Some methods have been proposed to initialize the means in order to guarentee that the algorithm will reach a "correct" solution, such as K-means++, which is the default initialization method of sklearn.cluster.KMeans:

kmeans = KMeans(n_clusters=k)
kmeans.fit(X)
y_kmeans = kmeans.predict(X)  # cluster index for each observation
centers = kmeans.cluster_centers_  # cluster center coordinates
vor = Voronoi(centers)
voronoi_plot_2d(vor)
plt.scatter(X[:, 0], X[:, 1], c=y_kmeans, s=5, cmap='summer')
plt.show()

Also, the method is usually performed several times (default is 10 times in scikit_learn) with different centroid seeds (different initializations). Only the best result is returned, in terms of within-cluster sum of squared $D(S)$, also called inertia.

print(kmeans.inertia_)

838.5283322649027

This inertia here is significantly better than the one we would get by using a single run of k-means (instead of 10) with a random partition initialization:

kmeans = KMeans(n_clusters=k, init='random', n_init=1, random_state=0)
kmeans.fit(X)
print(kmeans.inertia_)

1133.214871399982

### Computational considerations

Data sets are characterized by their cardinality $n$ and dimensionality $d$, among other things...

When $d$ is "large", one may deal with a lot of zeros. An example of sparse observations can be found in this case of text documents clustering by topics using a bag-of-words approach: same word occurences tend to be relatively infrequent throughout the corpus, which means that a lot of zeros would be found in the full numpy array representation. This is why a [compressed sparse row](https://en.wikipedia.org/wiki/Sparse_matrix#Compressed_sparse_row_(CSR,_CRS_or_Yale_format) matrix format is used in this case. In that case a special implementation of k-means algorithm is used in scikit-learn. This allow to save some memory but also probably save some computational time.

When the data is not sparse, one may use the Elkan version , which uses the triangle inequality to accelerate the algorithm. The author states in his paper:

Experiments show that the new algorithm is effective for datasets with up to 1000 dimensions, and becomes more and more effective as the number $k$ of clusters increases. For $k \geq 20$ it is many times faster than the best previously known accelerated k-means method.

However the algorithm (algorithm="elkan") does not support sparse data in scikit-learn, but this is the default version when dealing with dense data, as we did above.

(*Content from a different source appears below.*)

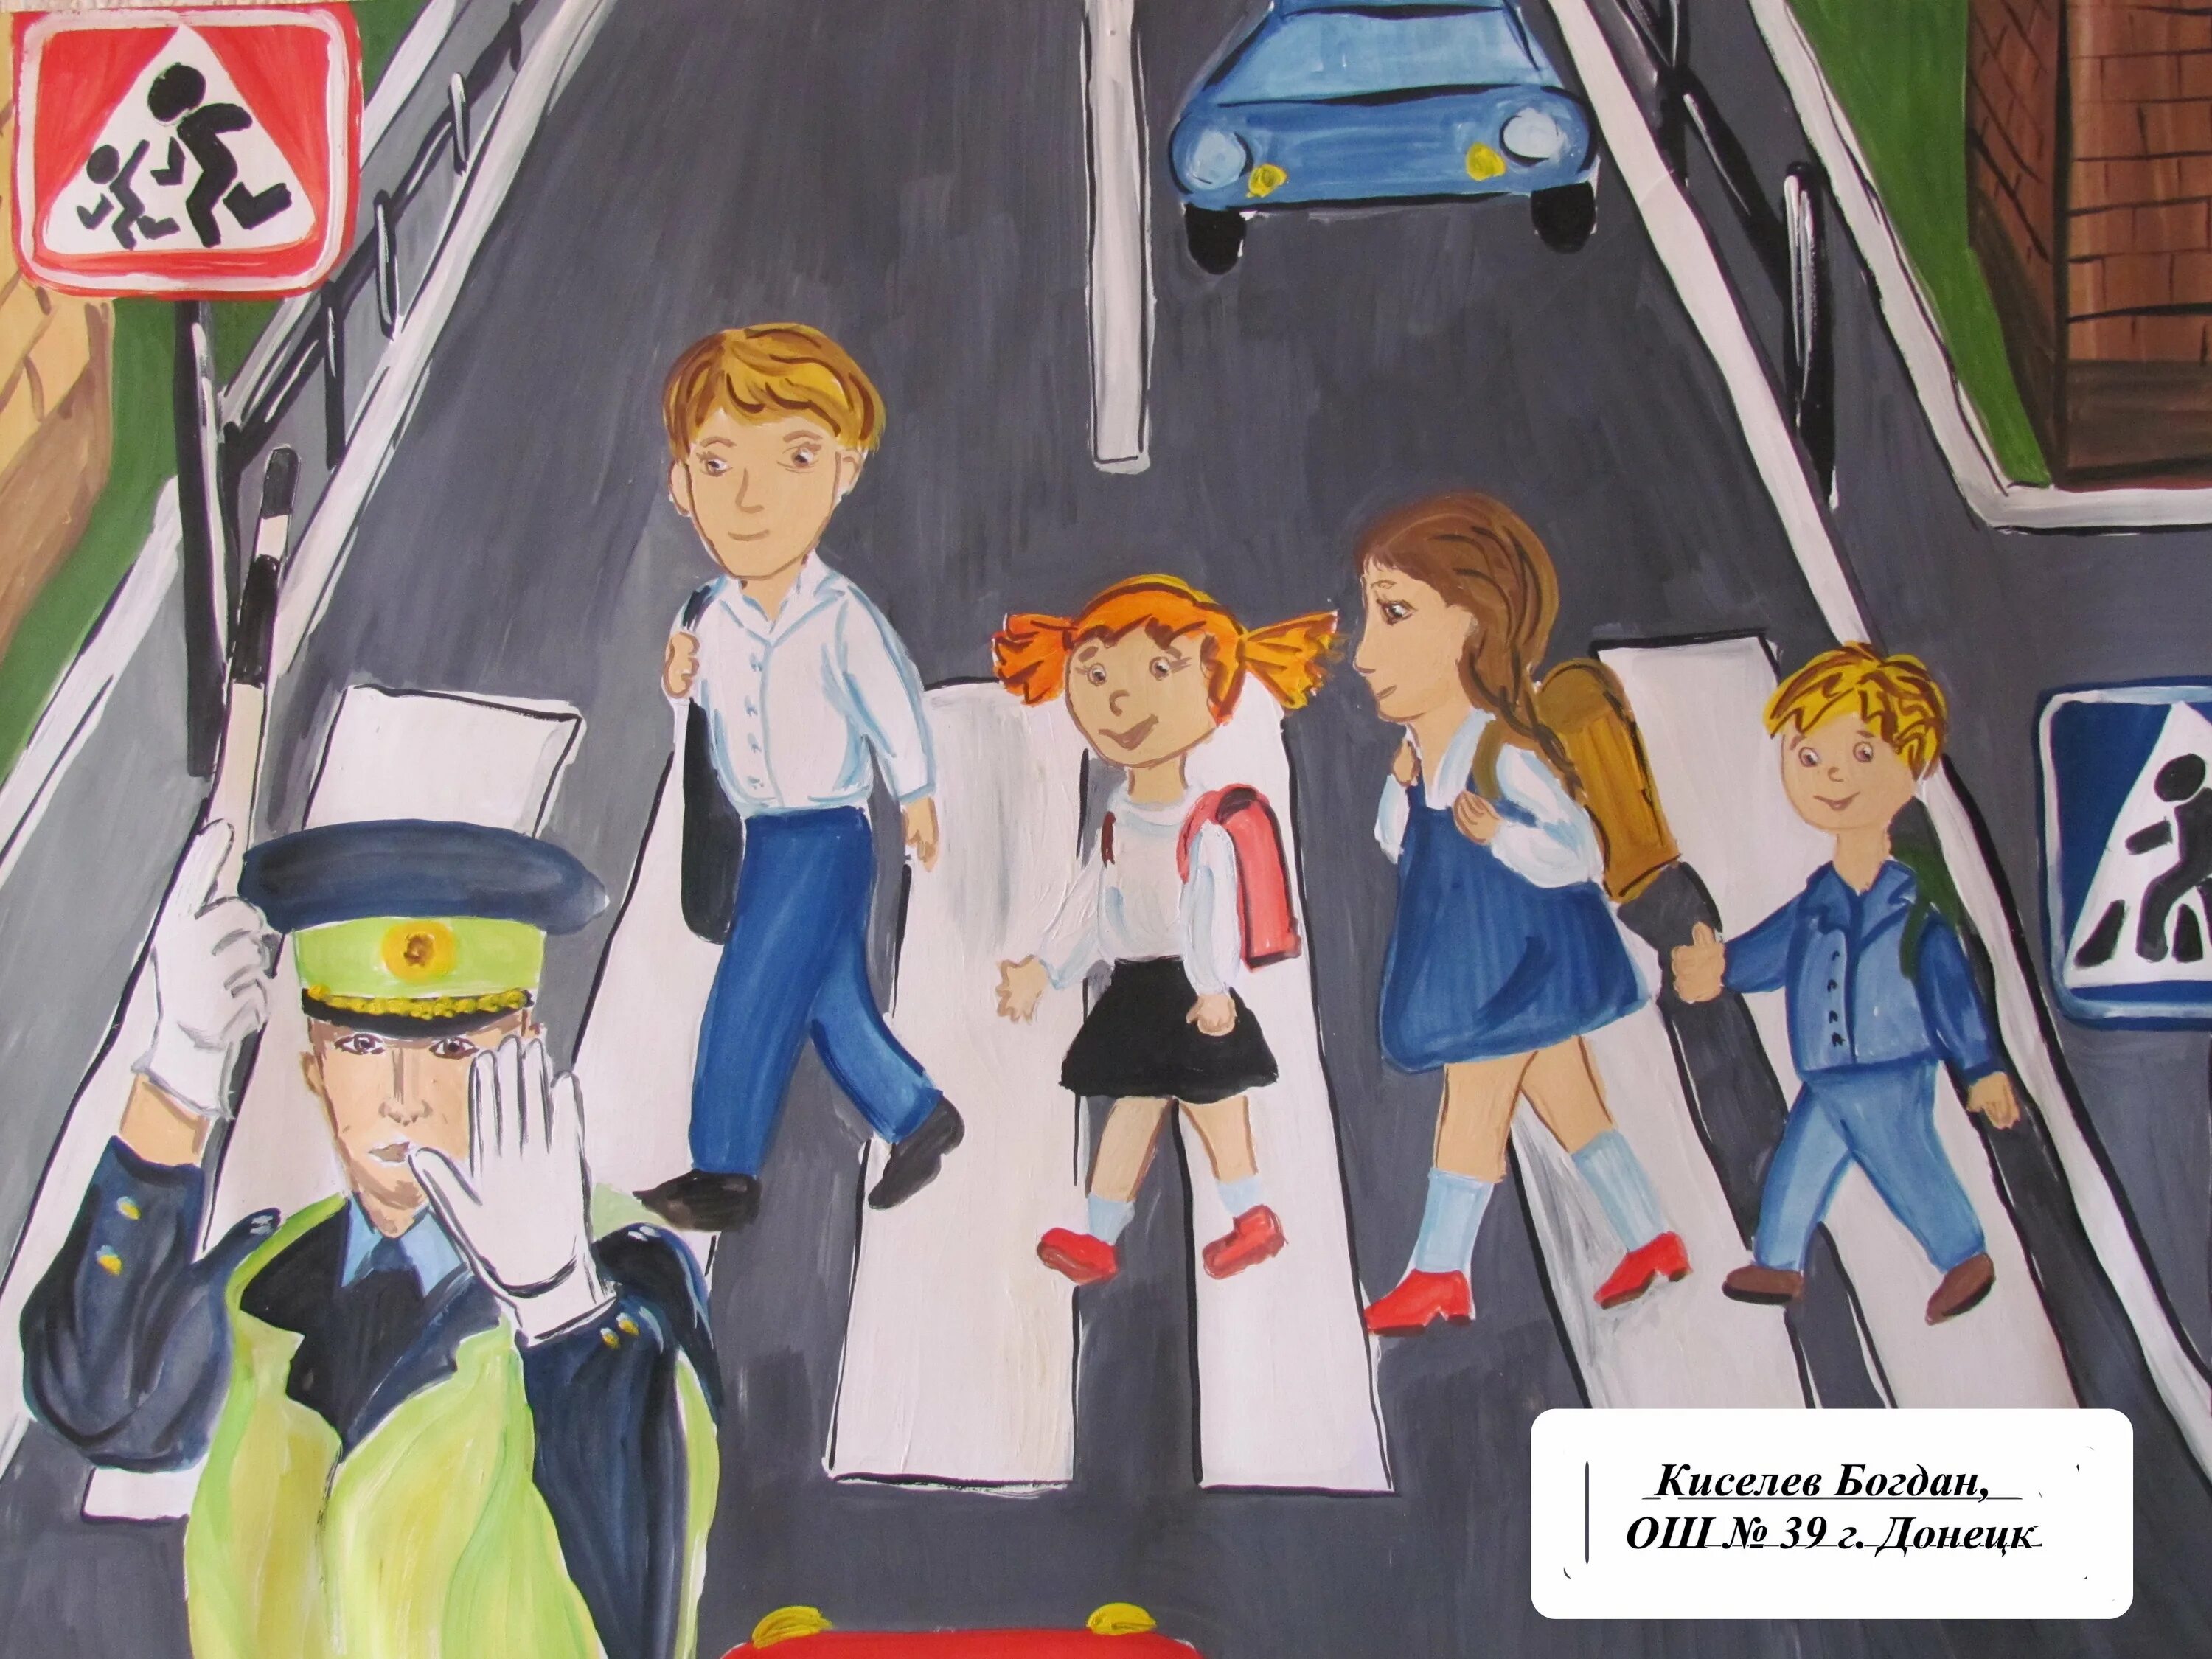 Безопасность тема конкурса. Безопасность на дороге глазами детей. Рисунок на тему безопасная дорога. Детские рисунки на тему ПДД. Конкурс рисунков дорога безопасности.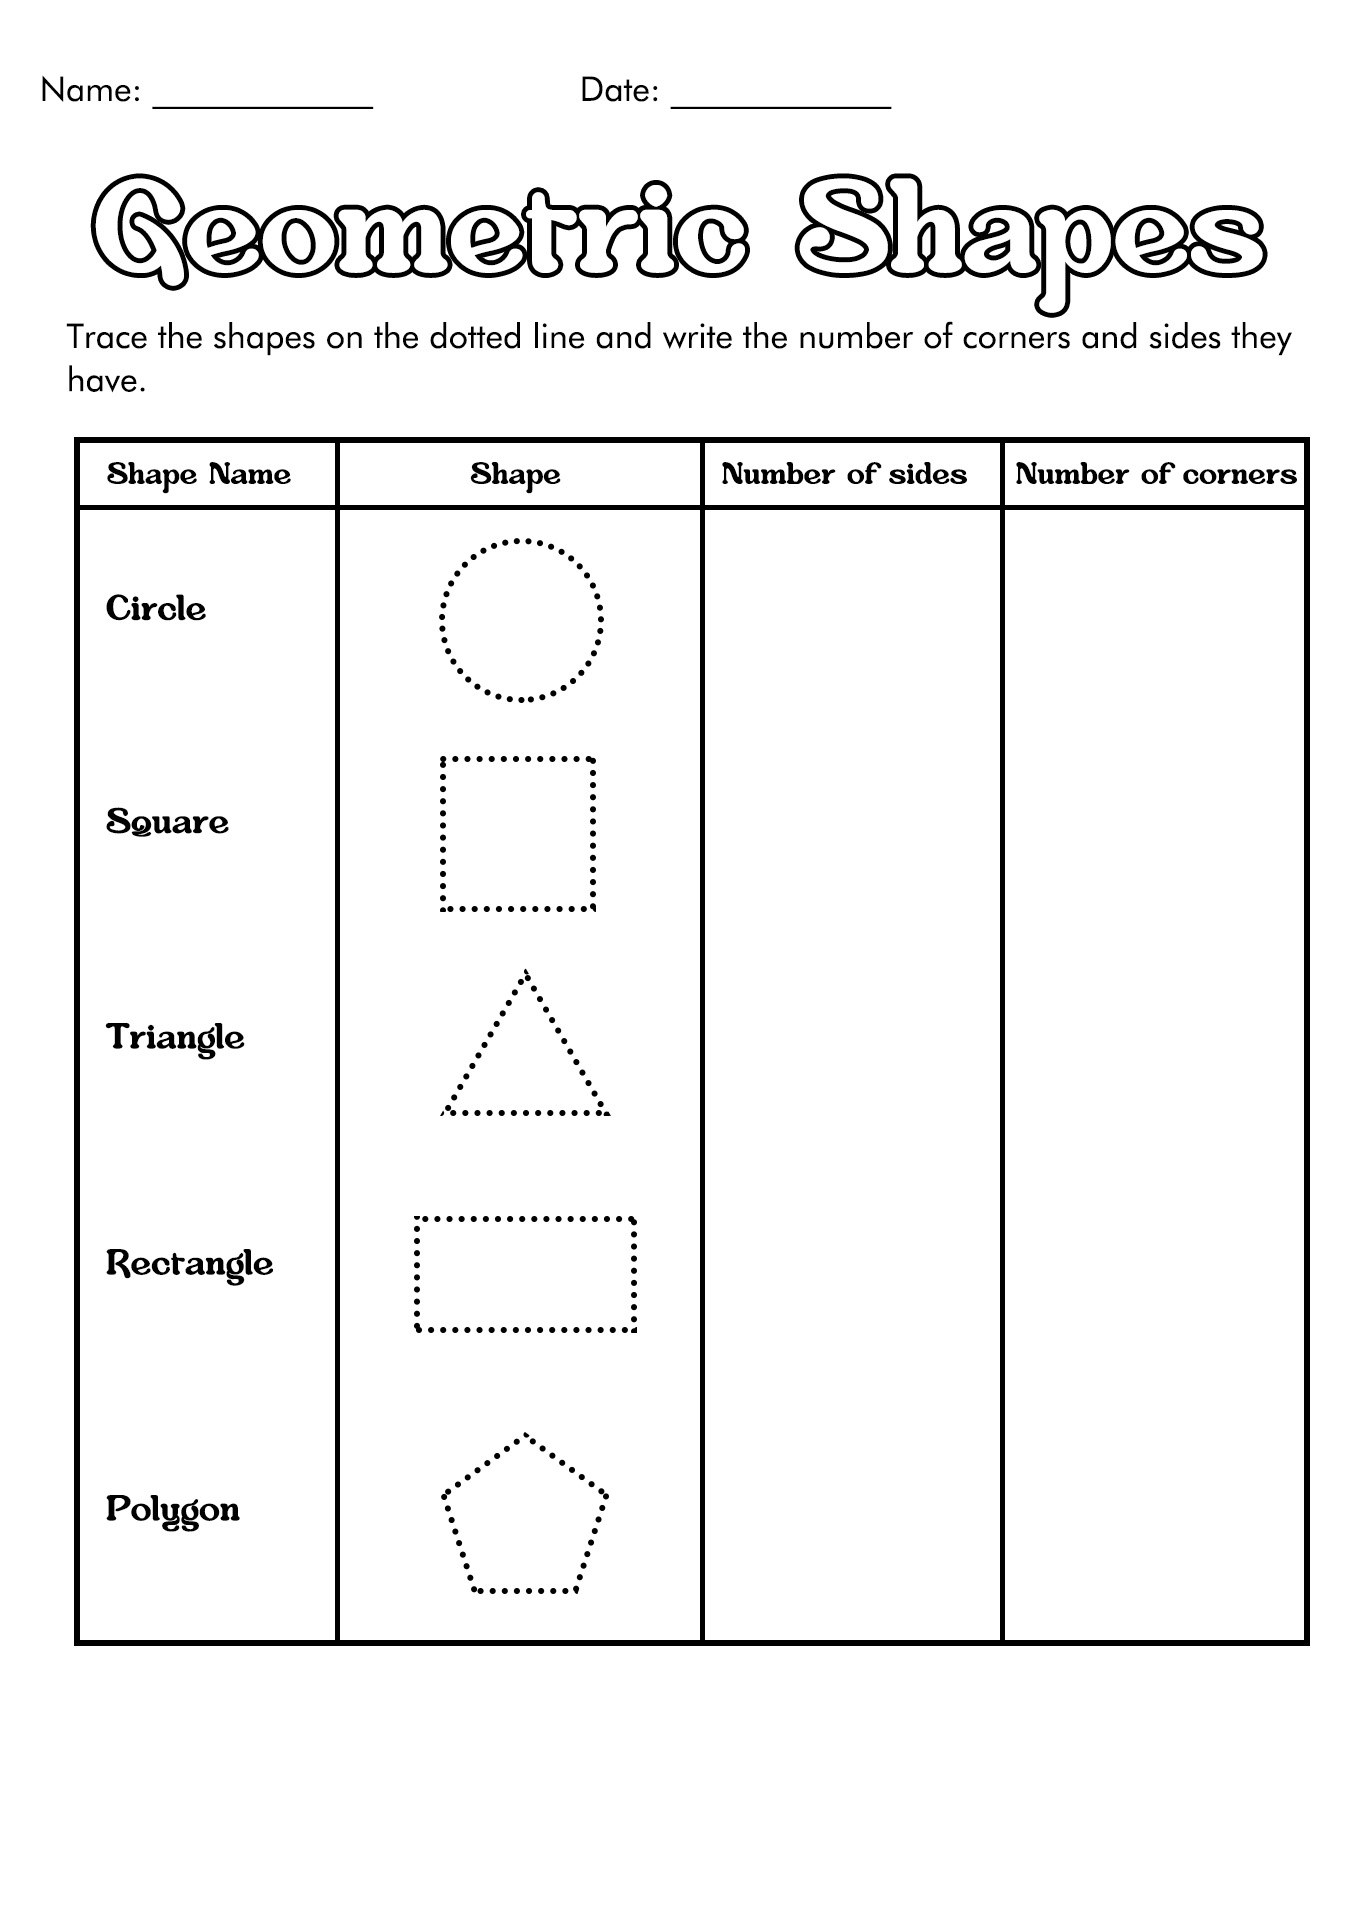 Basic Geometric Shapes Worksheets Image

When dealing with large a large cardinality $n$, then the mini-batch k-means clustering should be used. Here is the paper introducing this algorithm that scales well when dealing with large data sets. This works for both sparse anf full input data format. As for the k-means algorithm, the initialization is run several times (10 by default), but not the algorithm, which is run only once.

Also, note that the scikit-learn implementation of k-means may be run in parallel, running each instance of k-means (algo + instance of initialization) on a thread.